Amazon is racing to replace Alexa’s ‘brain’ with generative AI

Spread the love

Amazon is preparing to relaunch its voice-activated digital assistant, Alexa, as an artificial intelligence “agent” as its tech team scrambles to solve the challenges that have plagued the system’s AI overhaul.

The $2.4tn company has spent the past two years trying to design its Alexa chat system, which is embedded in 500mn consumer devices globally, so the software’s “brain” is replaced by generative AI.

Rohit Prasad, who heads the Artificial General Intelligence (AGI) team at AmazonHe told the Financial Times that the voice assistant still needs to clear a number of technical hurdles before its planned release.

This includes solving for “phantom” or fabricated answers, response speed or “delay” and reliability. “Illusions should be brought to zero,” says Prasad. “It’s still an open problem in the industry, but we’re working very hard on it.”

The vision of Amazon’s leaders is to turn Alexa, currently used for simple tasks as narrow as playing music and setting alarms, into an “agent” product like a personal concierge. This can include anything from suggesting restaurants to adjusting the lights in the bedroom based on a person’s sleep cycles.

By the end of 2022, the Alexa design is on the rails since the launch of OpenAI’s ChatGPT, which is supported by Microsoft. As Microsoft, Google, Meta, and others quickly incorporate generative AI into their computing platforms and develop their software services, critics question whether Amazon can catch up. Timely resolution of technical and organizational challenges to compete with competitors.

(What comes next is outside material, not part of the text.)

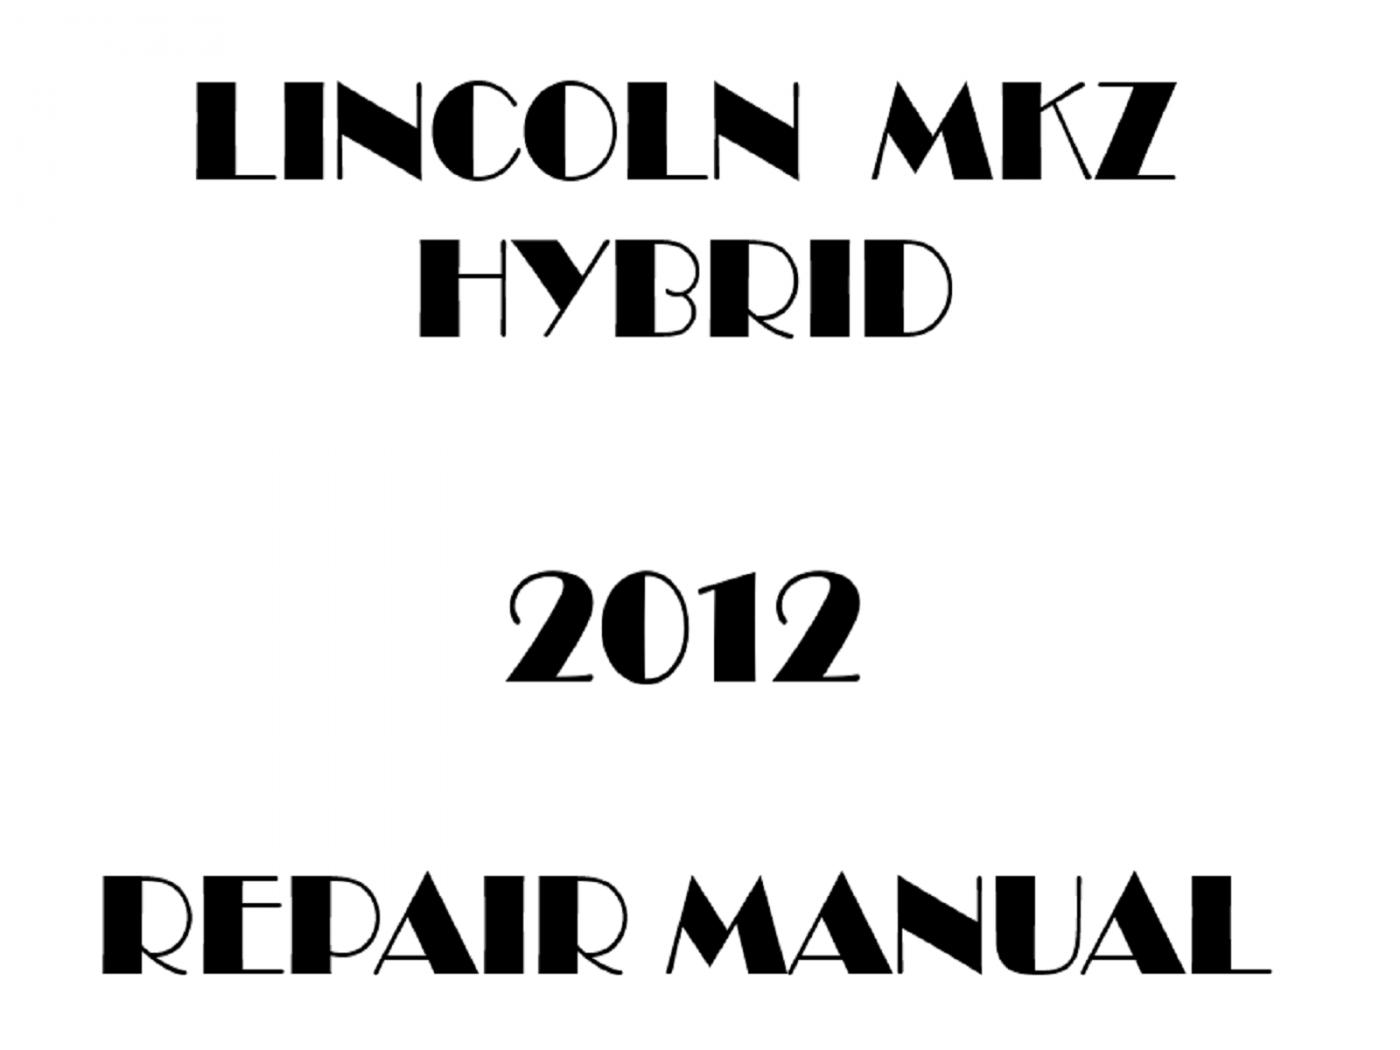 2012 Lincoln MKZ Hybrid repair manual

According to several employees who have worked on Amazon’s voice assistant teams in recent years, the effort is fraught with challenges and follows years of AI research and development.

Several former employees said the long wait for the planned release was largely due to unforeseen difficulties in modifying and combining the simple, predefined algorithms Alexa built with more powerful but unpredictable large-scale language models.

In response, Amazon said it is “working hard to enable more proactive and efficient assistance” on its voice assistant. The technical implementation of this scale into a live service and set of devices used by customers around the world was unprecedented and as simple as overlaying LLM on top of the Alexa service.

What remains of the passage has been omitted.